A reference point is like an anchor on which genomic regions are aligned. VAP proposes to use up to six reference points to delimit the regions of interest and avoid signal contamination from the adjacent annotations.
What is a block?
There are always one more block than the number of reference points. Using two reference points, three blocks are generated to isolate in the middle block the reference feature, flanked by independent blocks for the upstream and downstream regions.
What is a window?
Each block is subdivided in a given number of windows of constant size in the absolute analysis mode, or a constant number of windows of variable size in the relative analysis mode.
QUESTIONS ABOUT THE INTERFACE
How do I create graphs?
What are the orientation (AA, TC, DC, etc.)?
What does the orientations mean?
QUESTIONS ABOUT THE INPUT FILES
What is the format of the reference group?
It depends on the analysis mode. For the “annotation” and “exon” modes, one reference group simply contains a list of one annotation name per line (coming from the first column of the genome annotations file) that are used to extract the coordinates of the reference features from the genome annotations file.
For “coordinate” mode, the reference group must directly contains the coordinates in a special format. Because it can contains up to 6 reference points, the first column (tab-delimited) of the other lines must contains the chromosome, the second column the strand ('+' or '-' (any other character interpreted as '+')), and X columns containing the coordinates. (e.g. to analyze regions of interest identified by a start and end coordinates: "chr1 - 1200 1500 region1_score=14.6"). An additional column could optionally contains the name of the region that will be reported in the "all_" output file. Exceptionally, the BED format file with 3 to 6 columns is supported when there are exactly 2 reference points. The first line must start by a "#" and contains at least the tag "type=" followed by one of the 6 "coordX" where X is the number of reference_points contained in this file (e.g. “type=coord2”). The full description of the first line is: # type=["]file_type["] name=["]file_alias["] desc=["]file_description["] where the three tags can appears in any order, and to contain space the type/name/desc should be flanked by double-quotes.
When the first line of a reference group file contains a tag "name=", this string is used as group_name, otherwise the file name is used as group_name in the output files.

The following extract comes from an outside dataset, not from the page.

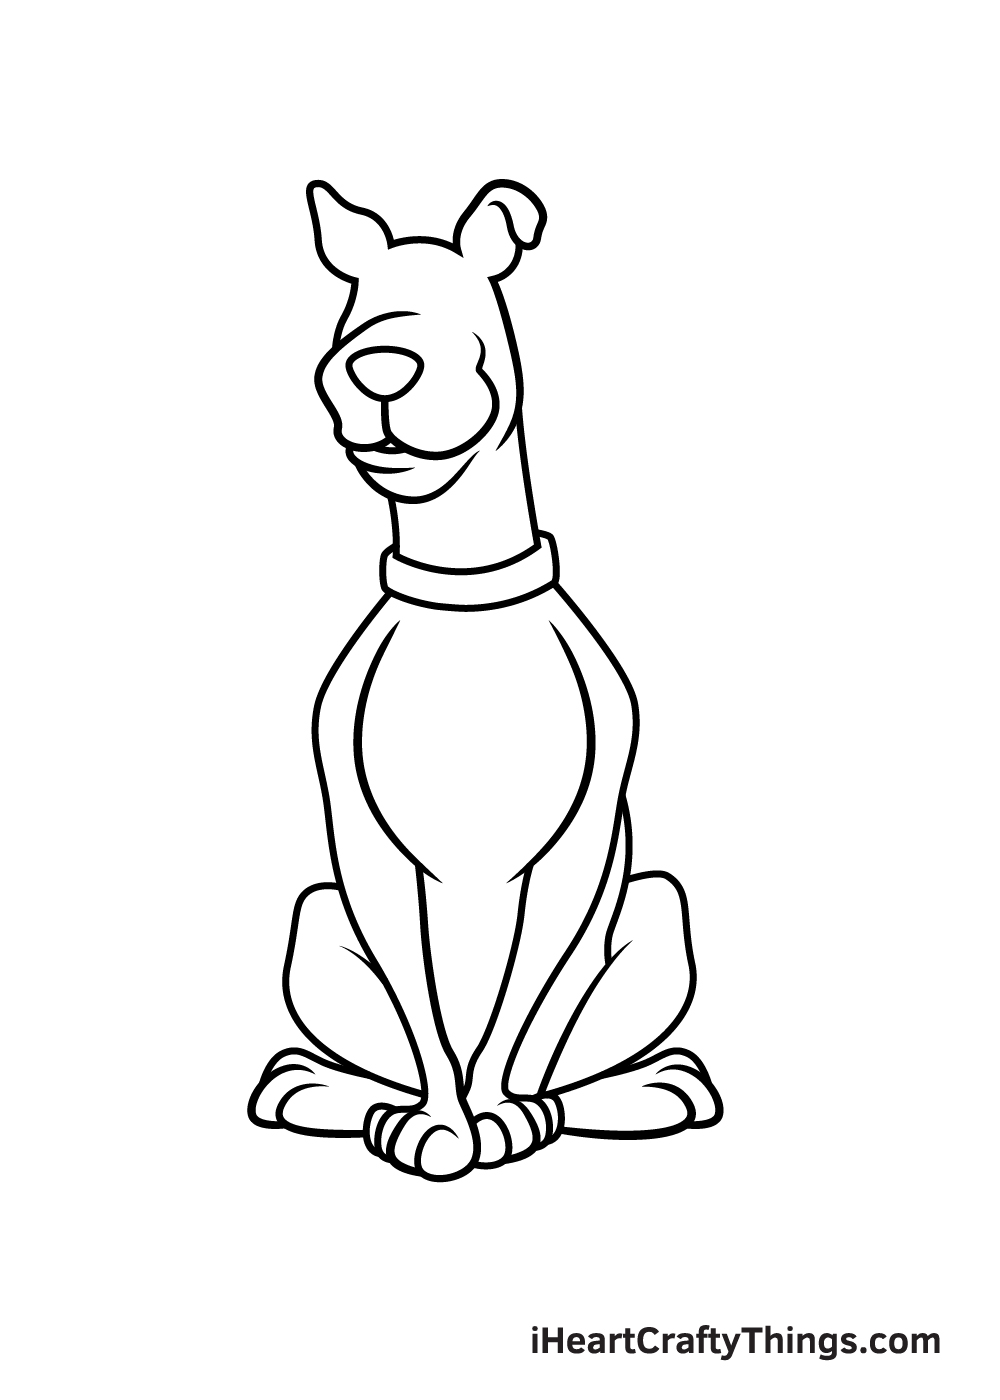 drawing Scooby-Doo step 7

If a group contains the same reference feature more than once, all instances are kept (and linked to the same genome annotation when applied). Any other line starting by "#" are considered as comments.

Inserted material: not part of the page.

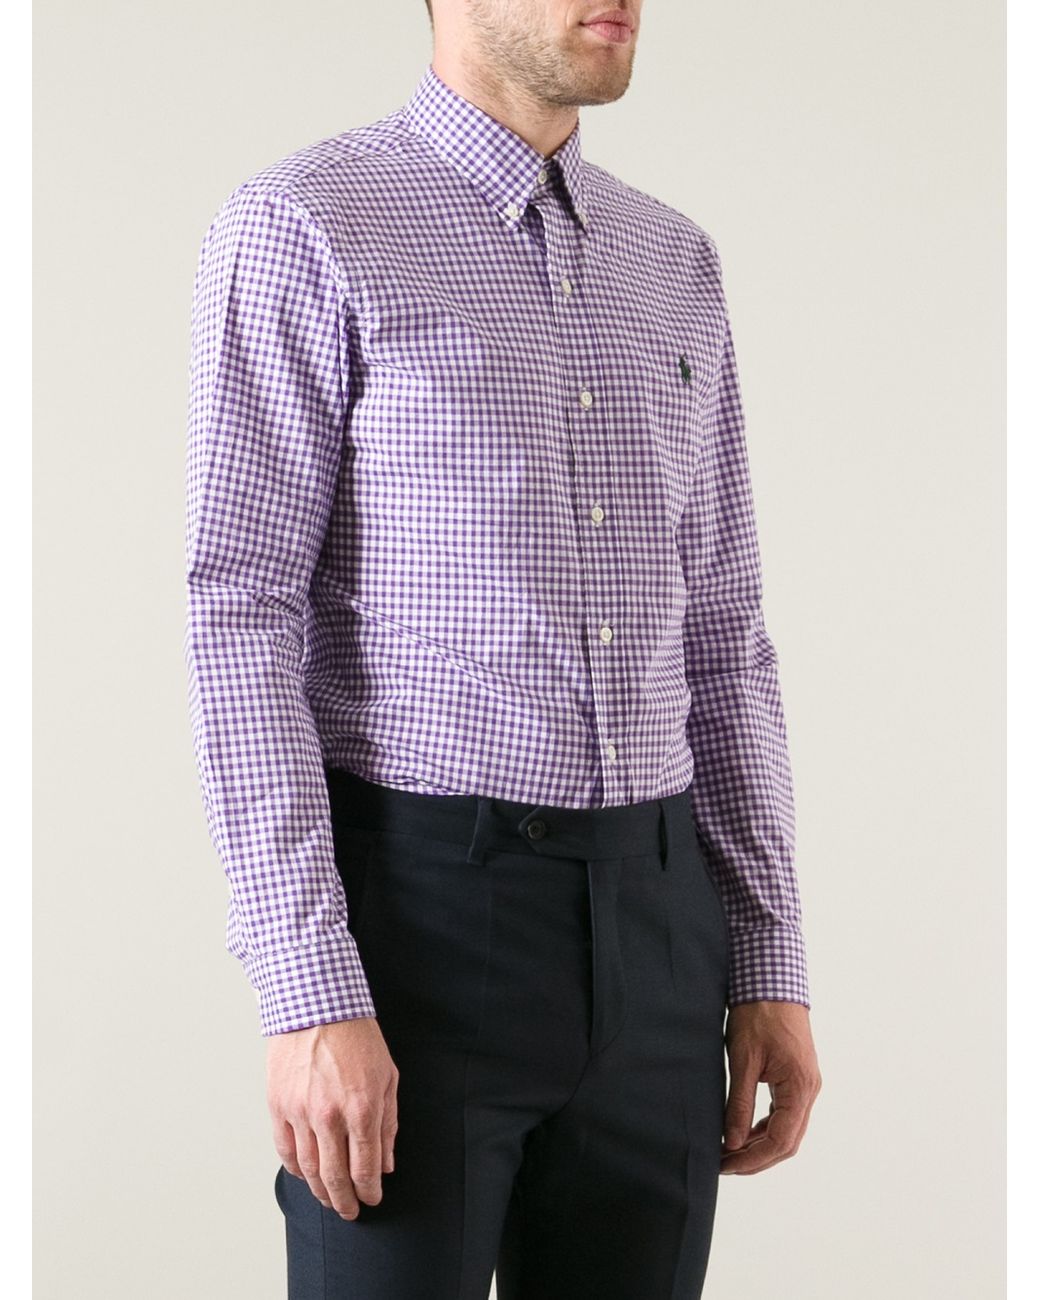 Polo Ralph Lauren Checked Shirt in Pink & Purple (Purple) for Men | Lyst

QUESTIONS ABOUT THE OUTPUT FILES
How do I interpret graphs?
What is an "agg" file?
What is an "ind" file?
What is the "map_graphs_datafiles.txt" file?
What is the "vap_parameters.txt" file?
Why the proportion of the second graph for the test files is mostly ~40%?

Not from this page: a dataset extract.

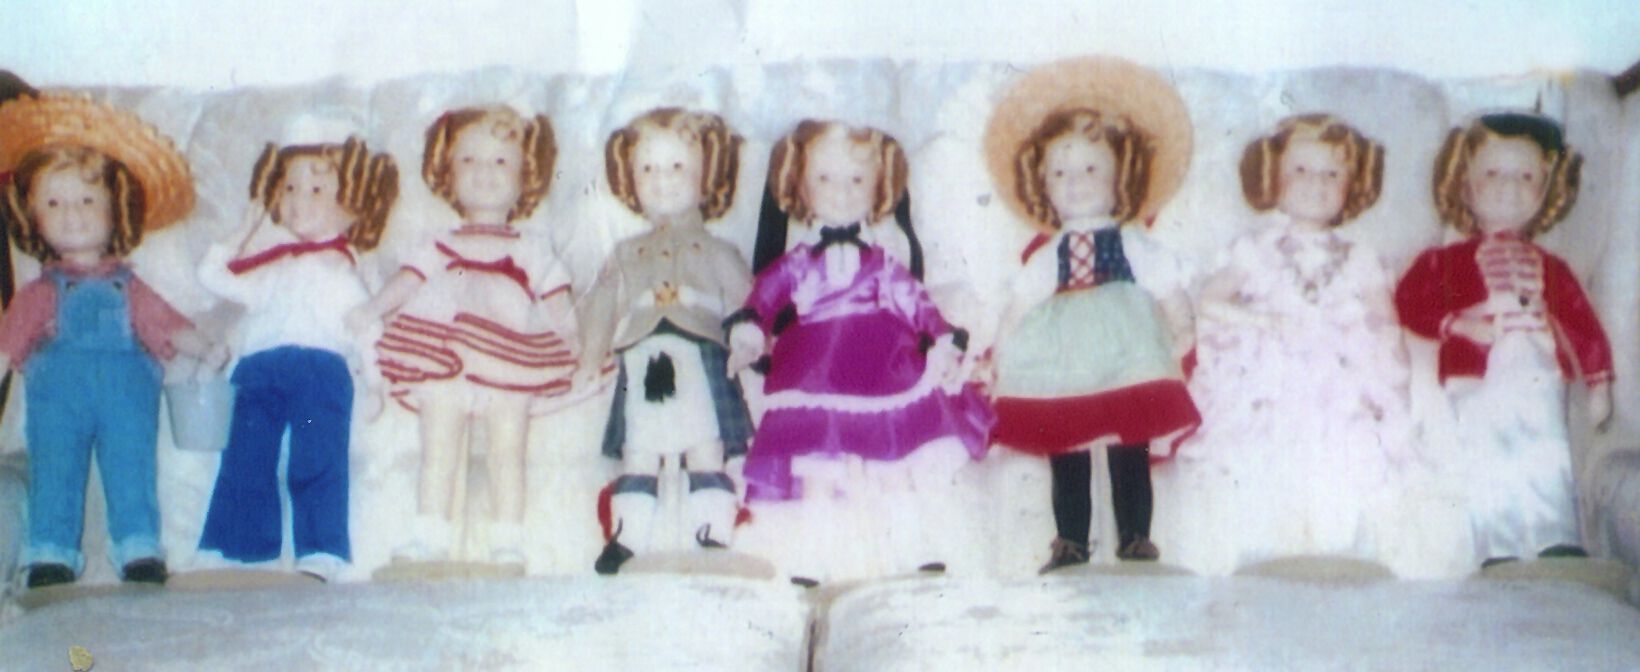 Sifton: Bonnie McCourtney's beloved Shirley Temple doll collection has been distributed to her great-granddaughters, but here's a reunion photo, each representing a movie: &quot;Rebecca of Sunnybrook Farm,&quot; from left, &quot;Captain January,&quot; &quot;Stand Up and Cheer,&quot; &quot;Wee Willie Winkie,&quot; &quot;The Little Colonel,&quot; &quot;Heidi,&quot; &quot;Poor Little Rich Girl&quot; and &quot;The Littlest Rebel.&quot;

The test datasets are ChIP-chip files with a resolution of ~1 probe of 60 bp each 250 pb (~4 probes/1 kb) of the yeast genome, and the window_size parameter is set to 50 bp in the default parameters file. As a consequence, in each 5 consecutive windows (covering 250 bp), 2 windows contain values (therefore 40% of the windows are contributing to the aggregate profiles). By changing the window_size to 500 bp, the average proportion increases to ~95% in the upstream and downstream regions (but drop rapidly to 0% in the other regions because the average gene length is 1.5 kb (therefore only 3 windows of 500 bp).